• _DATA_
%%
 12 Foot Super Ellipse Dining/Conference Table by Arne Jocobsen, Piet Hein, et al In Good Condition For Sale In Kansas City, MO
%%
%%
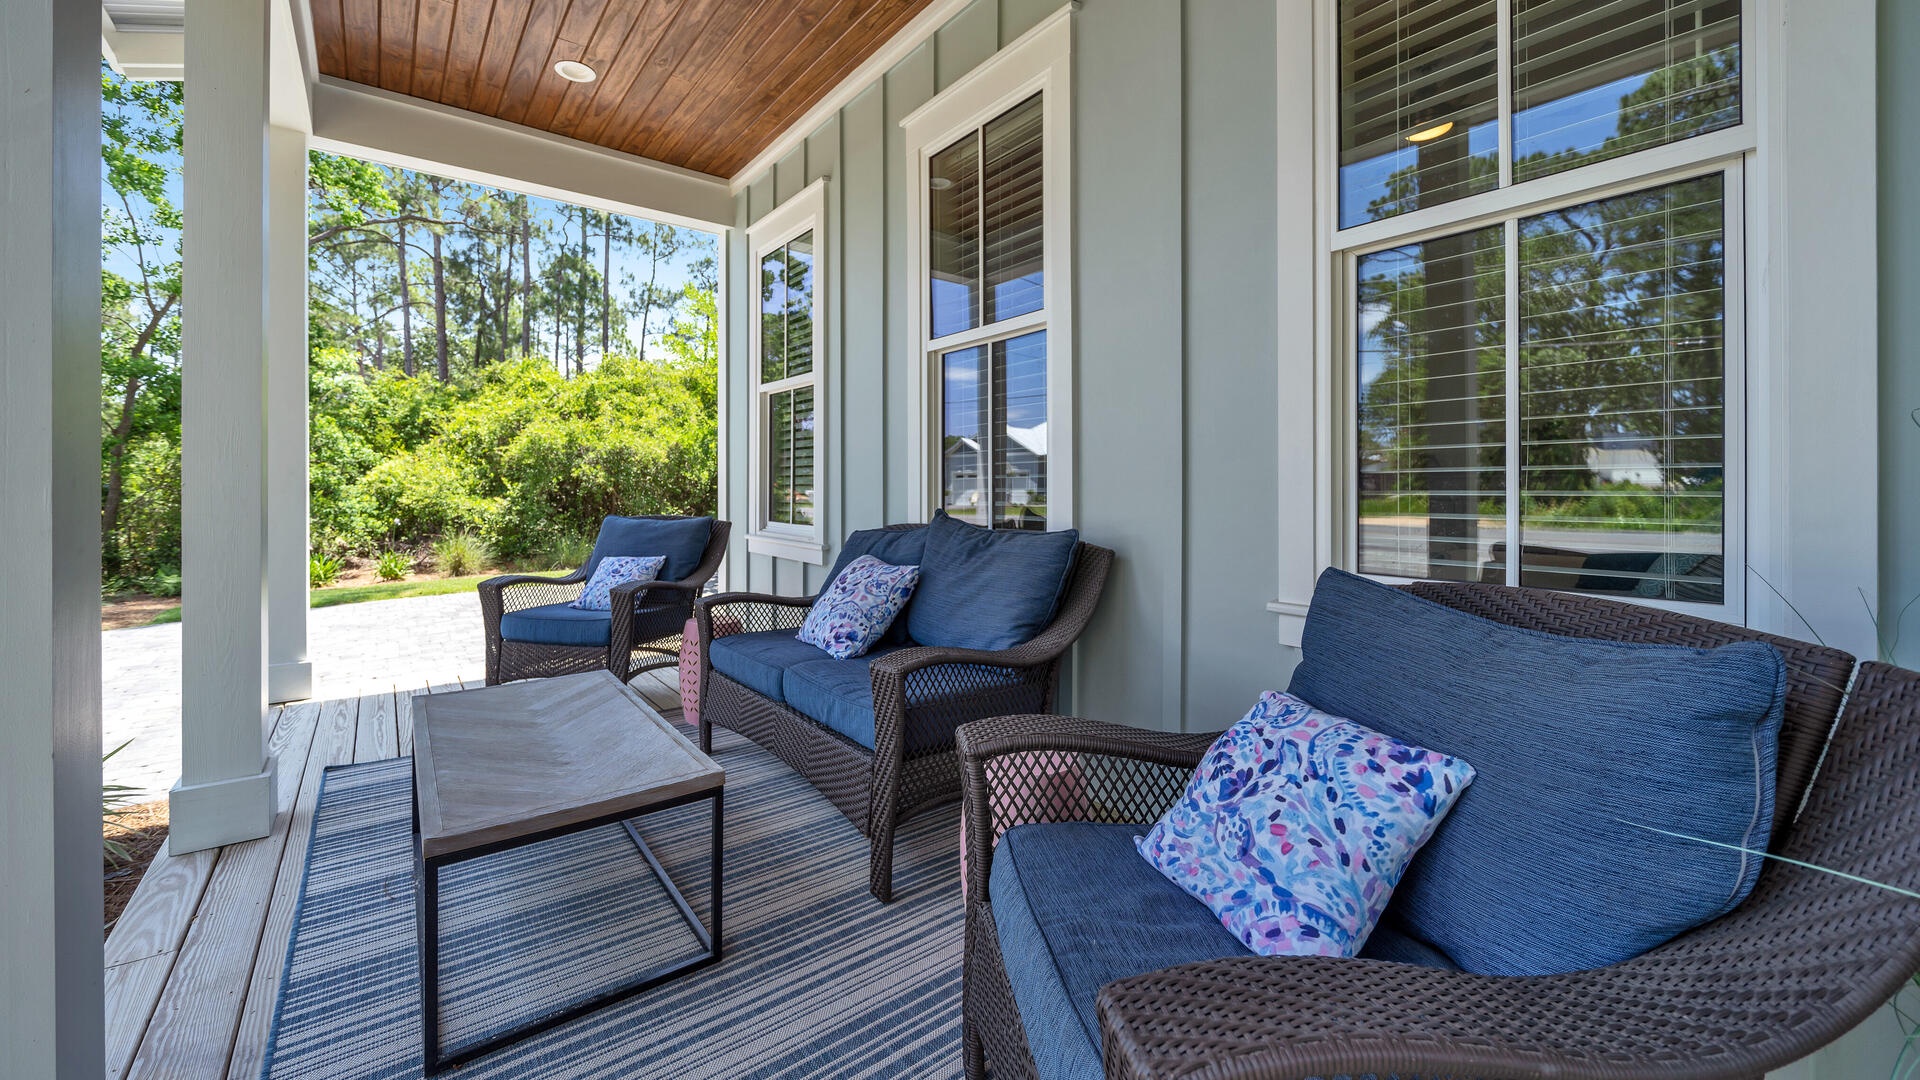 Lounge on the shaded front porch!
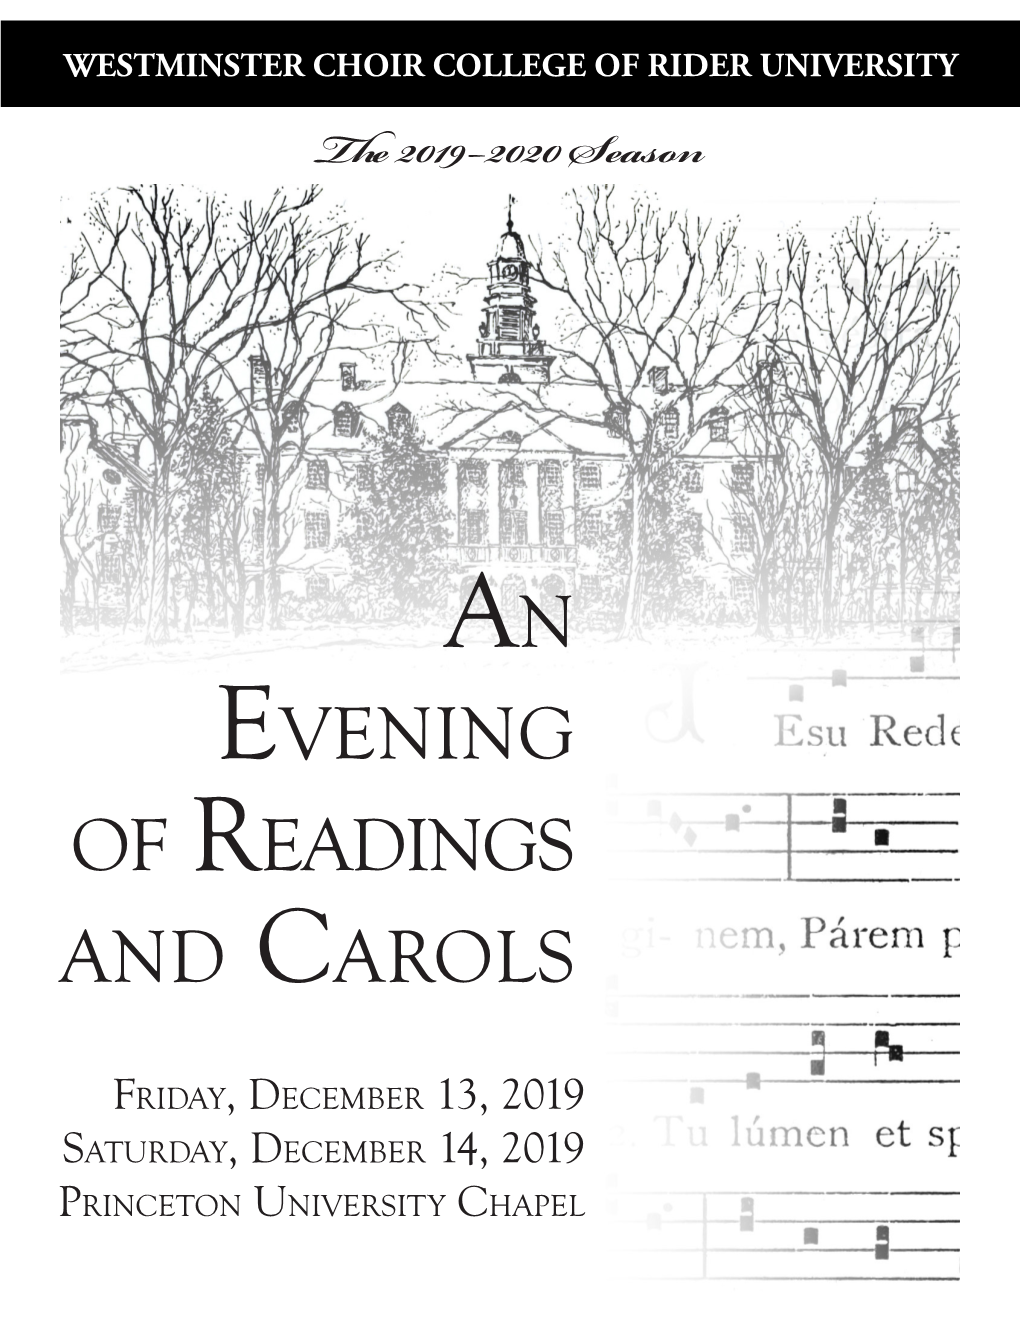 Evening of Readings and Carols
%%
• _BRIEF_
Look above for the line holding "Lounge on the shaded front porch!" and output everything from it down to the line holding "Evening of Readings and Carols", both ends included, exactly and without images.

• _TASK ANSWER_
 Lounge on the shaded front porch!
 Evening of Readings and Carols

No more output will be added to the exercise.